Kit is deputized as a U.S. Marshal by her grandfather, who now cannot travel because of his wound. She and an Indian companion named Pawnee (Chief Yowlachie) are assigned to escort the train to Tomahawk. Colonel Dawson orders Dakota to join the posse that is escorting the train and also an Indian scout, Black Wolf, to stir up the local Arapahos. Other gang members plot to blow up the engine during a night stop.

Only after he has bought his ticket out of town does Sweeny learn that there is no track laid for the next forty miles. He is informed by local railway entrepreneur, Bishop, that the rails were lost at sea en route from England.

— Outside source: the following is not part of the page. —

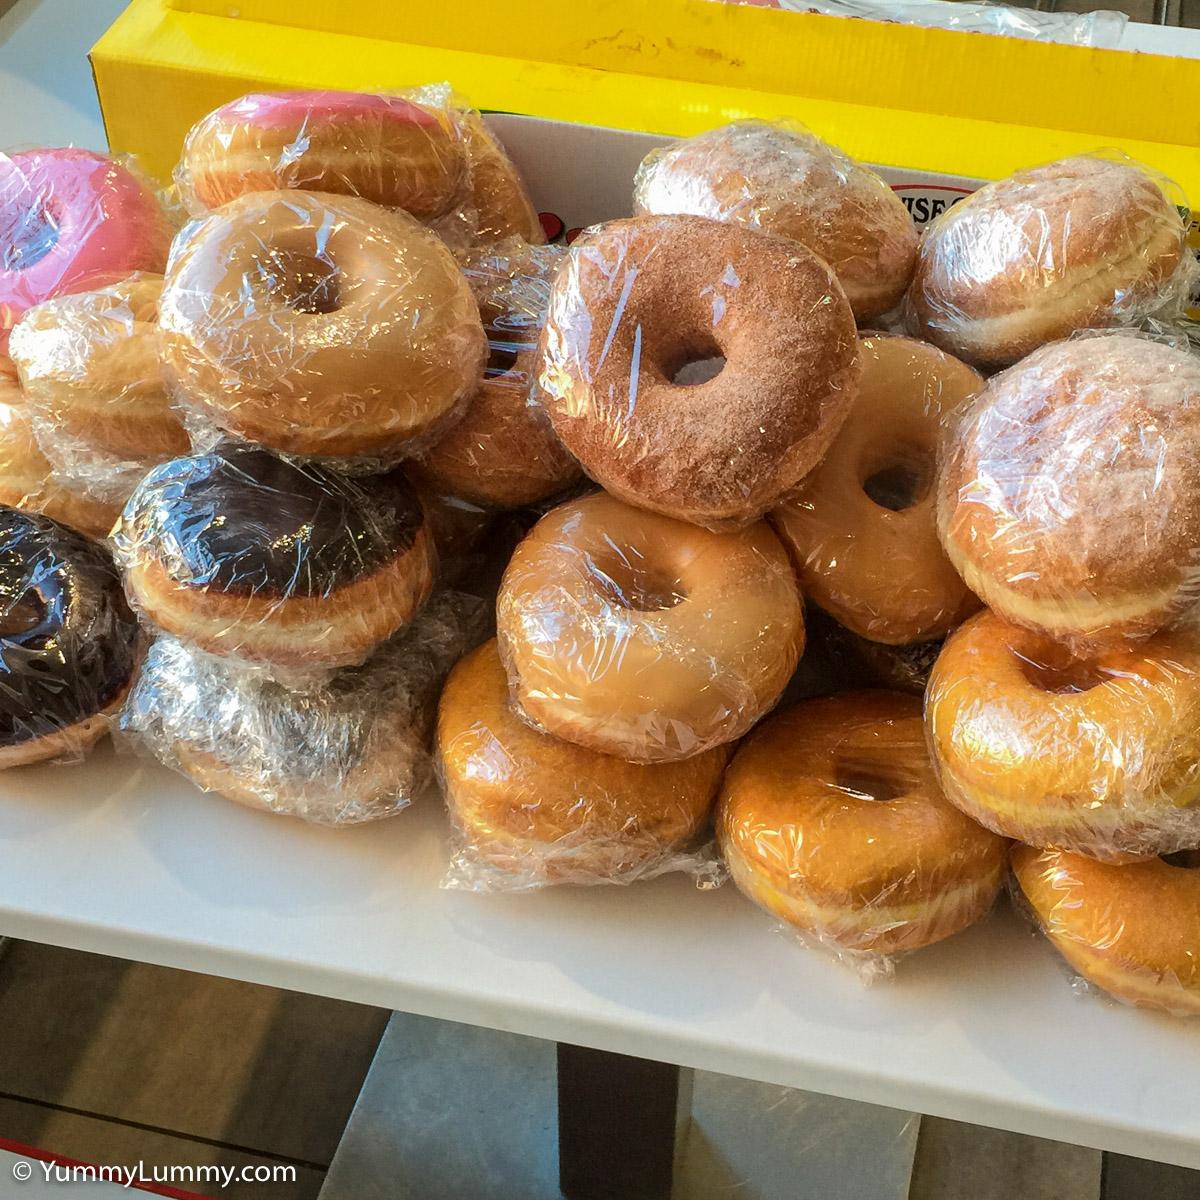 TGIF doughnuts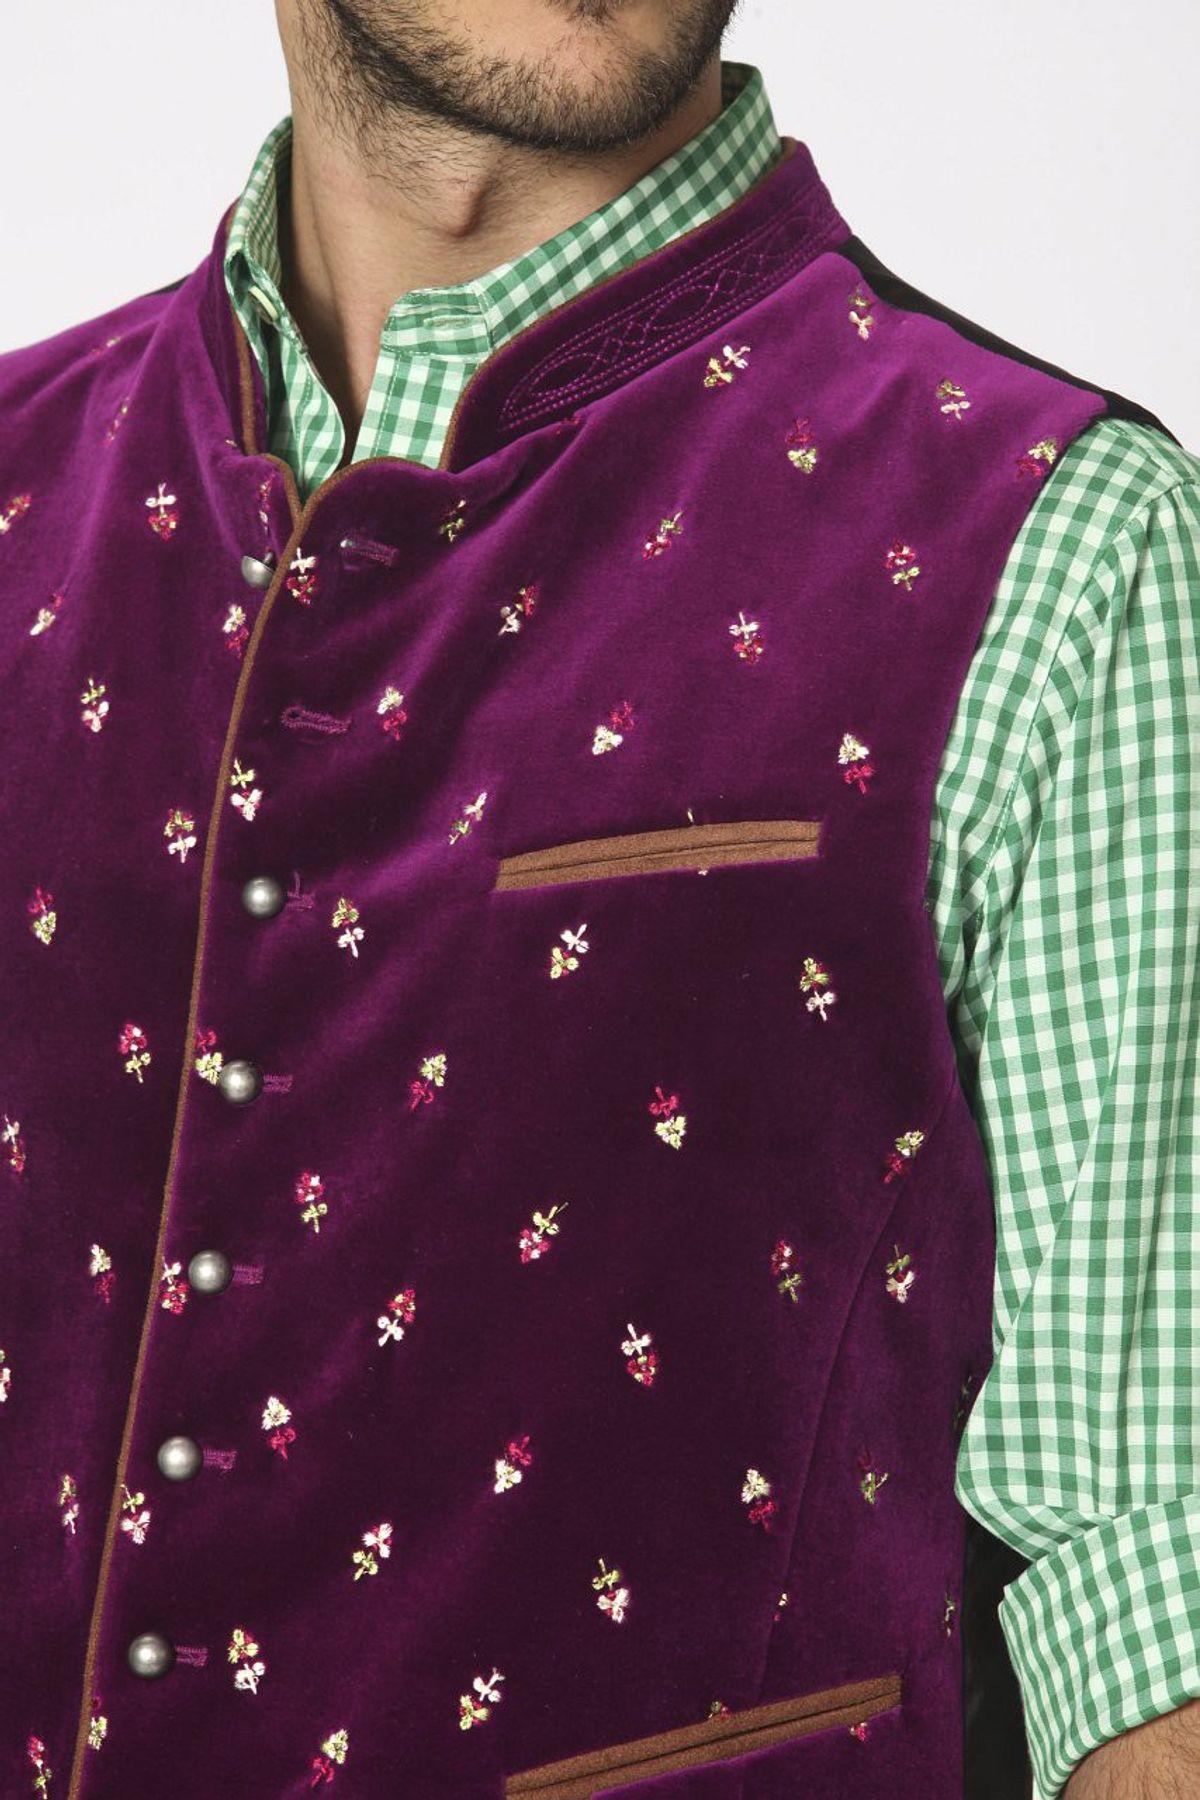 Stockerpoint - Herren Trachten Weste in verschiedenen Farbtönen, Calzado – Bild 24

Bishop explains that, as the train must reach Tomahawk to fulfill the requirements of the franchise contract, he has arranged for the Emma Sweeny to be hauled by a team of mules. Another condition is that the train must reach Tomahawk by a rapidly approaching deadline with at least one paying passenger. Kit is not pleased to discover that the passenger assigned to her care is Johnny, who is now reluctant to travel on the train. Johnny is roped to the side of the engine, and the locomotive, minus its passenger car, sets off pulled by the mules and accompanied by assorted wagons. Chinese laundry man Long Time (Victor Sen Yung) joins the group with much delayed laundry for Tomahawk, together with Madame Adelaide (Connie Gilchrist) and her dancing girls, Annie, Ruby, Clara (Marilyn Monroe) and Julie. A musician with pianola accompanies them.

As planned, Dawson's men Bat, Charley and Fargo show up at a night stop claiming to be telegraph men who are there to repair lines cut by the Arapahos. Kit gives them permission to bunk in the camp. Johnny convinces Madame Adelaide and the dancers to put on a show in the camp, and later joins in the musical performance himself. Kit gradually softens her attitude towards Johnny.

When all are asleep, Bat and Charley leave while Fargo tosses sticks of dynamite under the engine. Johnny, sleeping alongside the train, smells the lit fuse and alerts the others. Kit cuts the fuse with a shot and disables Fargo, but before he can talk, Dakota kills him.

Some time later, a few miles beyond where the track restarts, Bat and Charley are placing dynamite charges under a trestle. Johnny, Kit and Pawnee are scouting ahead and stop at the bridge. Bat and Charley consider shooting them, but are then themselves attacked and killed by Indians, and the dynamite is set off prematurely. Kit, Johnny and Pawnee are chased back to the train, which is then attacked by the war party. Johnny identifies the Arapaho chief, Crooked Knife, having previously worked with him in a travelling western show.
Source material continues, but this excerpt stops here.